I have never dealt with so much hatred before. So much hatred for this one person. So much hatred for myself. So much anger. So much that I want to feel my fists cracking against his smug face, full of pride, with not an ounce of guilt for stabbing me on my back, on more than one occasion. These were mixed with profound sadness that she had made her choice very clear. We are strangers once again. Not only that, she leapt to that son of a bitch’s defense.
So much negative feeling that I feel it chewing away at my soul slowly. Everyday I wake up, I feel there are many great battles roaring in myself. Battle against sorrow. Battle against sadness. Battle against abandonment. Battle against anger. Battle against loneliness. Battle against guilt. Battle against giving up on life and love. Battle against myself.

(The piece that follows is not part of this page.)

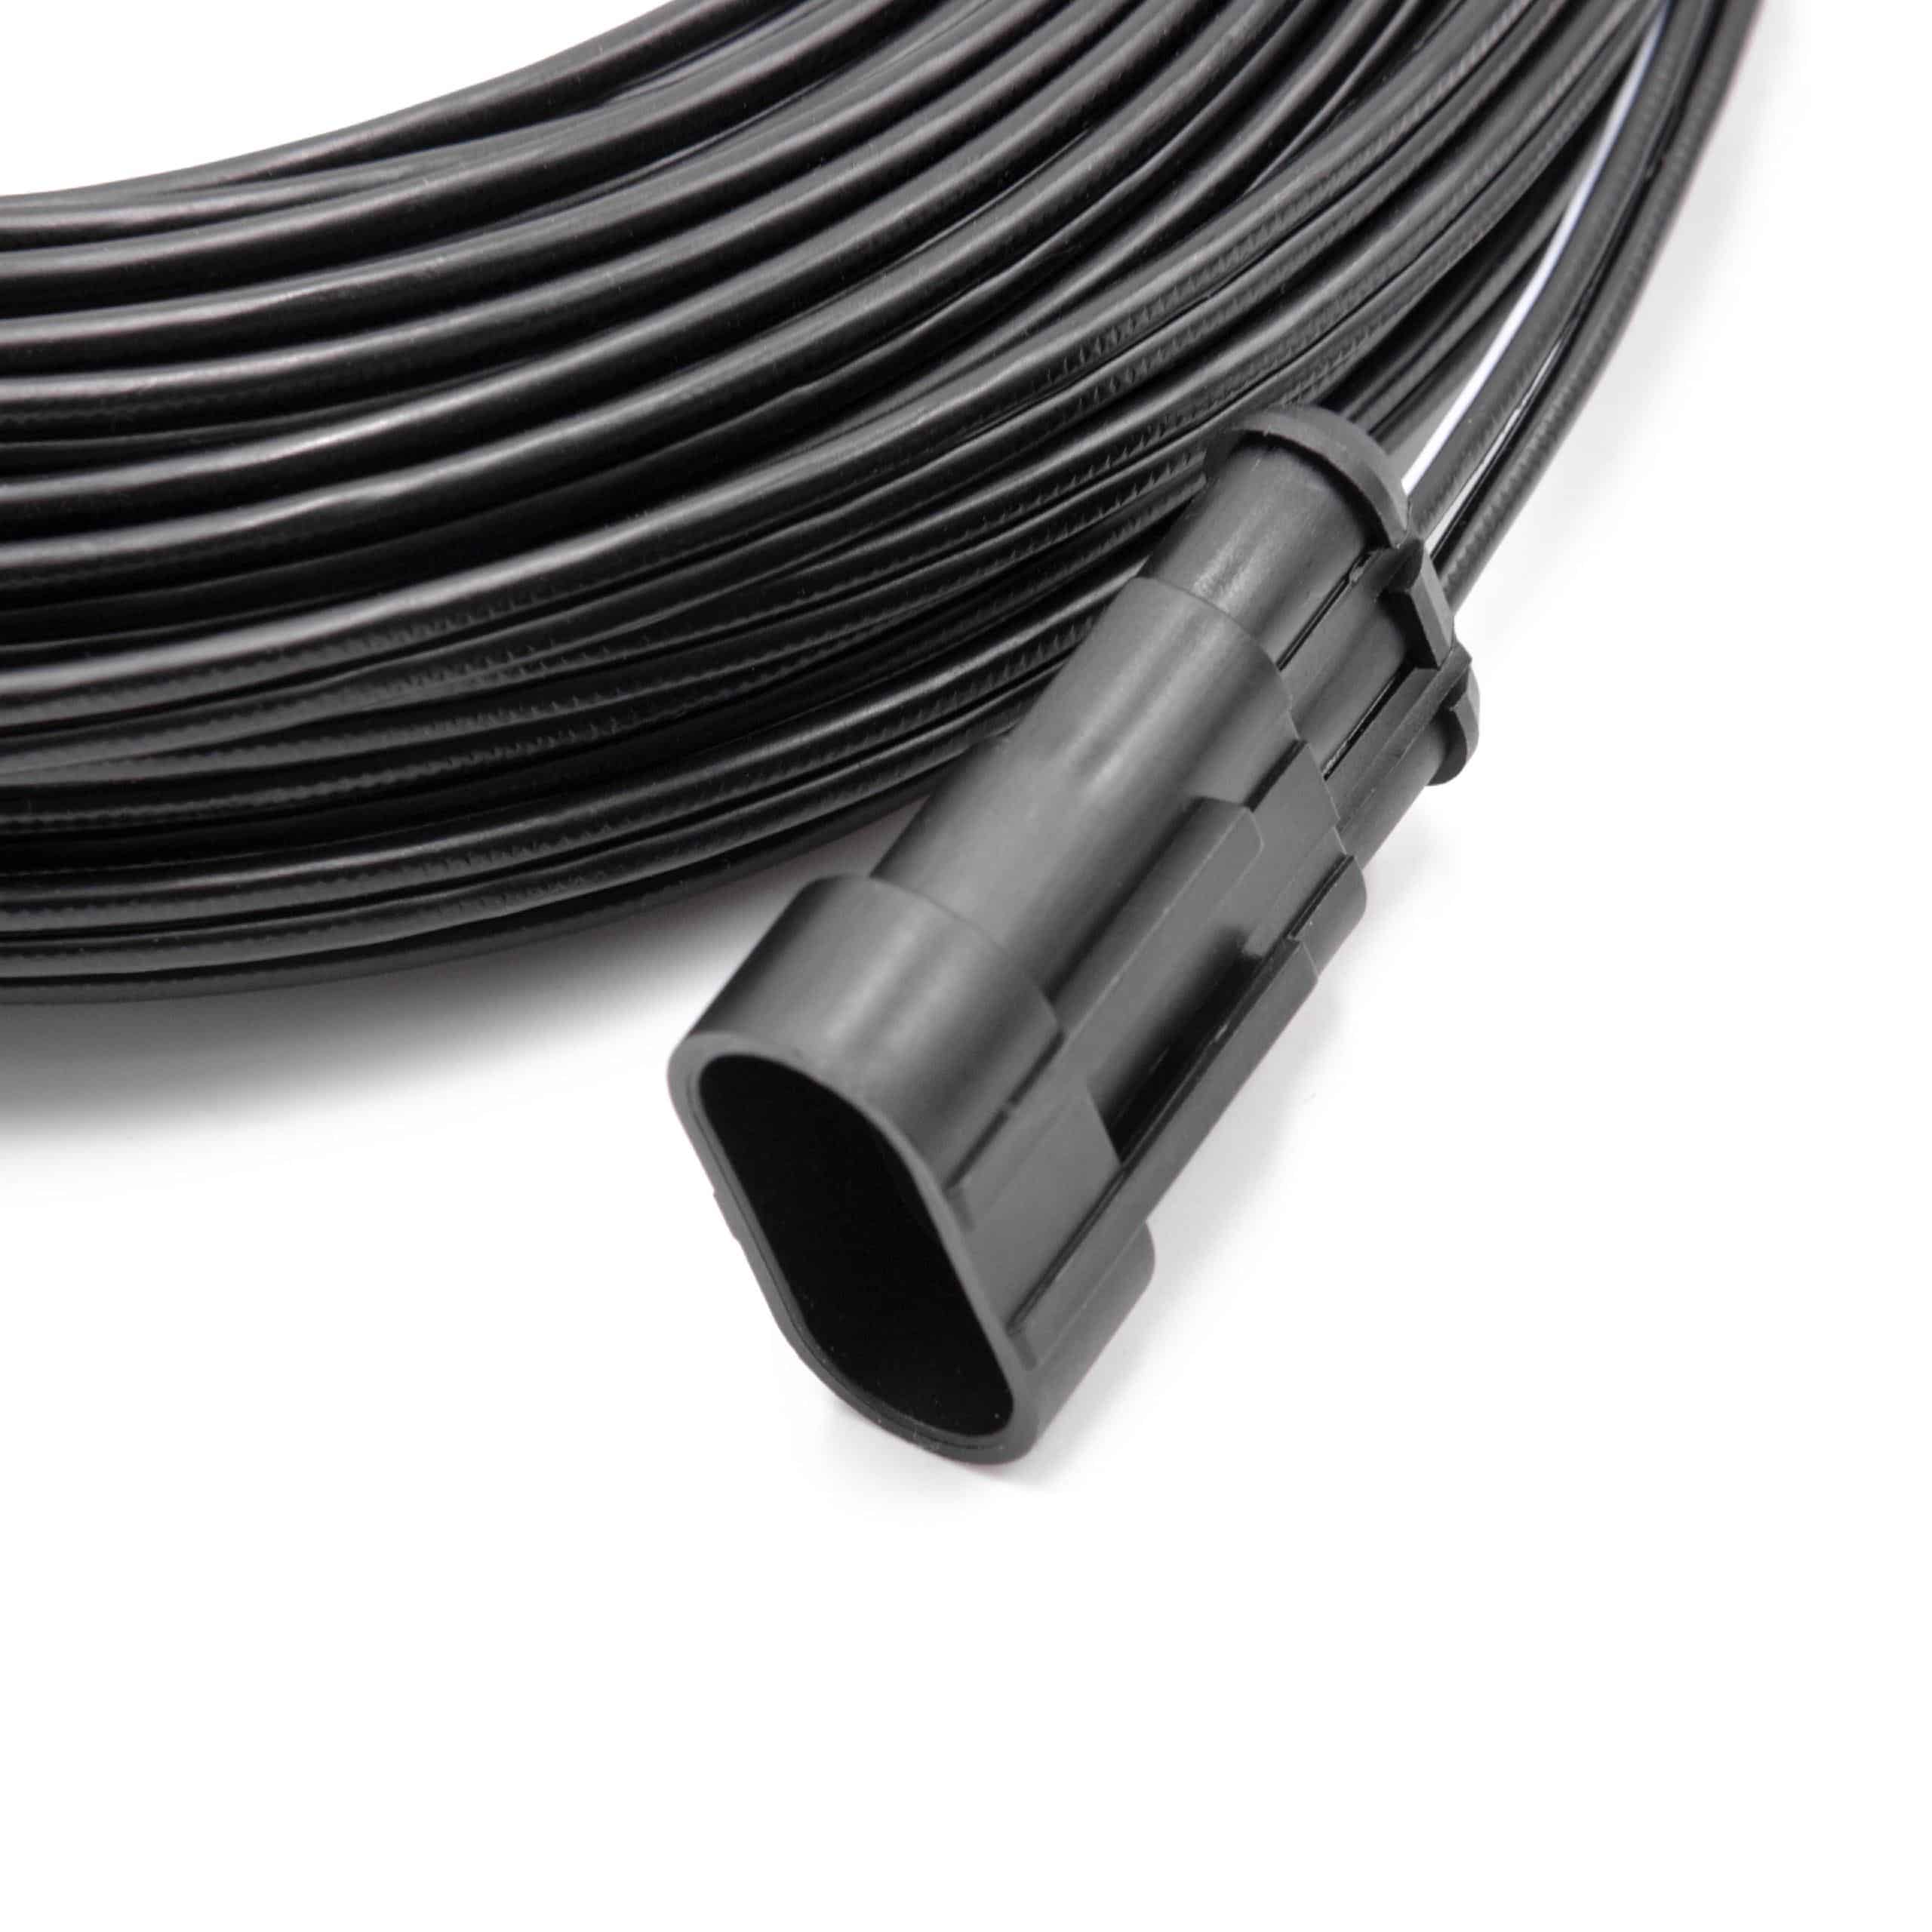 Cable de bajo voltaje reemplaza Gardena 00057-98.251.01 - cable trafo, 20 m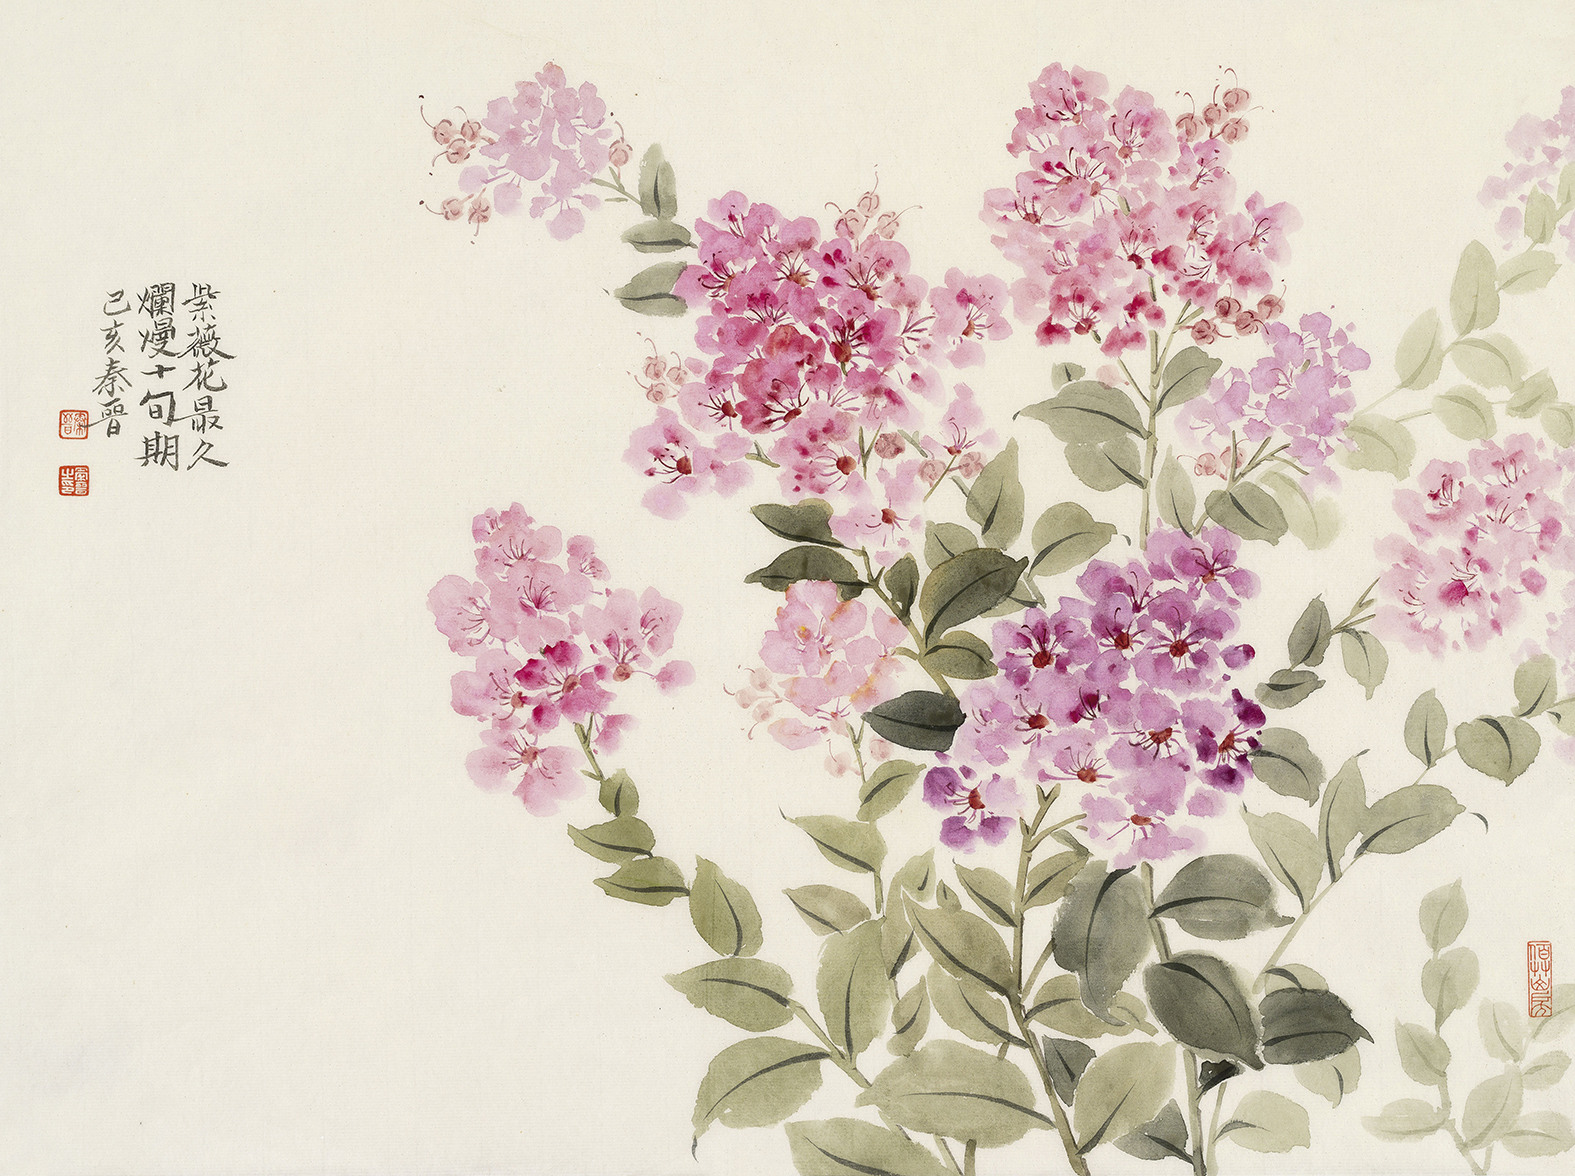 宋秦晋 百日红 纸本设色 45x34cm2019在艺术家笔下的紫薇花活了晚迎秋

My time in Australia is slowly becoming a wrenchingly sad journey of my life. I had so much happy memories that it’s incredibly sad for me that I would never experience them again. I have a gut feeling happy times were over so I am pretty sure those times might be the last times I am truly happy.
I wonder if it’s time to move, geographically and career-wise. Move? To where from here? I am so screwed up in my head.
No matter how shit things used to get, I used to be able to force a smile and pick myself up. Nowadays, I would look into the mirror and tried to force a smile and I will break down crying.
Horrible horrible feelings.
No matter how much I cussed at the bastard, the hatred doesn’t seem to fade. And he would carry on living everyday without any remorse. Man, this double whammy is so unfair. Life never is, never meant to be.
And I have to refrain myself for wishing something bad to happen to him. God knows why I would even try to do this. Perhaps as an atonement for my guilt and my mistakes with regards to Dory. And that’s another battle….
I wonder how would this war conclude.